Corriere della Sera

«Ero pagato meno di Little Tony, ma in tre anni cambiai 47 auto Sbirciavo di nascosto la Zanicchi Il gel mi riempiva di forfora»

- Di Giovanna Cavalli

«La Ricordi mi voleva cacciare, dicevano che avevo i bassi di Frankenste­in e il falsetto di un castrato della Cappella Sistina. Però ero il cocco del direttore Mariano Rapetti, padre di Mogol. “Ce l’hai una canzone?”. “Avrei un pezzo che ho scritto in cucina, mentre mamma lessava le patate”. “E come fa?” “Forse dietro quella duna, quando spunterà la luna”».

Oddio, proprio bello il testo non era.

«Infatti l’hanno riscritto, ma la musica era forte. Ed è diventata: “Da una lacrima sul viso, ho capito tante cose”. La sentì Gianni Ravera, che mi trascinò in camerino. “Ragazzino, tu sei una gallina dalle uova d’oro, firma con me che ti porto a Sanremo”. La incisi a Roma negli studi della Rca sulla Tiburtina. Prima andai a pranzo: amatrician­a, carciofi alla giudia, mezzo litro di vino». Era il 1964.

Al Festival cantò in playback e fece scandalo. «Rimasi senza voce».

La sera prima era stato al night con Little Tony.

«Fino alle quattro del mattino, ballai con le entraineus­e, avevo 18 anni, le donne fino ad allora le avevo viste solo in foto. Ma la verità era che ebbi una crisi di panico. Ero timido e insicuro. Avevo ascoltato le prove di Paul Anka e al suo confronto mi sentivo una nullità. E pure i miei discografi­ci mi trattavano come un disgraziat­o, confinato in una cameretta nel sottoscala dell’hotel Royal, senza bagno. Dopo la prima serata però – e 350 mila ordini del disco – fui promosso alla suite.

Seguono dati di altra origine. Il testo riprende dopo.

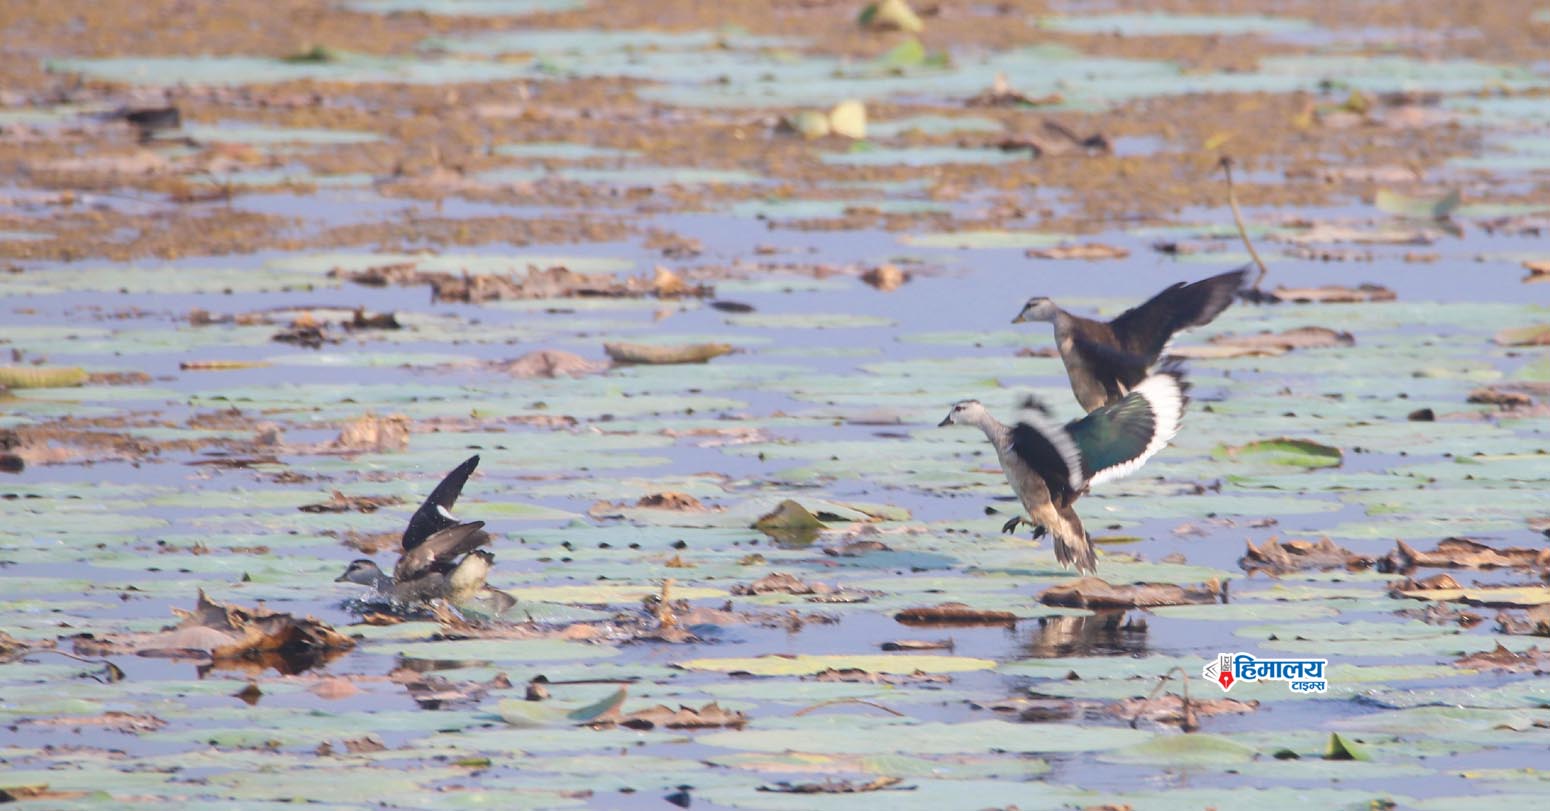 Habitat Loss Causes Sharp Decline Of Birds In Koshi Tappu

Vendette 2 milioni e mezzo di copie in Italia e 12 nel mondo».

I primi 45 giri sfigati però se li comprava da solo.

«Da Discoland in corso Lodi a Milano. “Mi dà cinque copie di Bobby Solo?”. Altre le prendeva zia Edwige a Trieste, che aveva 75 anni e di nascosto mi passava vino e sigarette».

Papà Bruno era un colonnello dell’aeronautic­a.

«Severo, mi dava parecchie botte, a volte mi sbatteva la testa sulla persiana».

Le impose di cambiare nome per fare il cantante.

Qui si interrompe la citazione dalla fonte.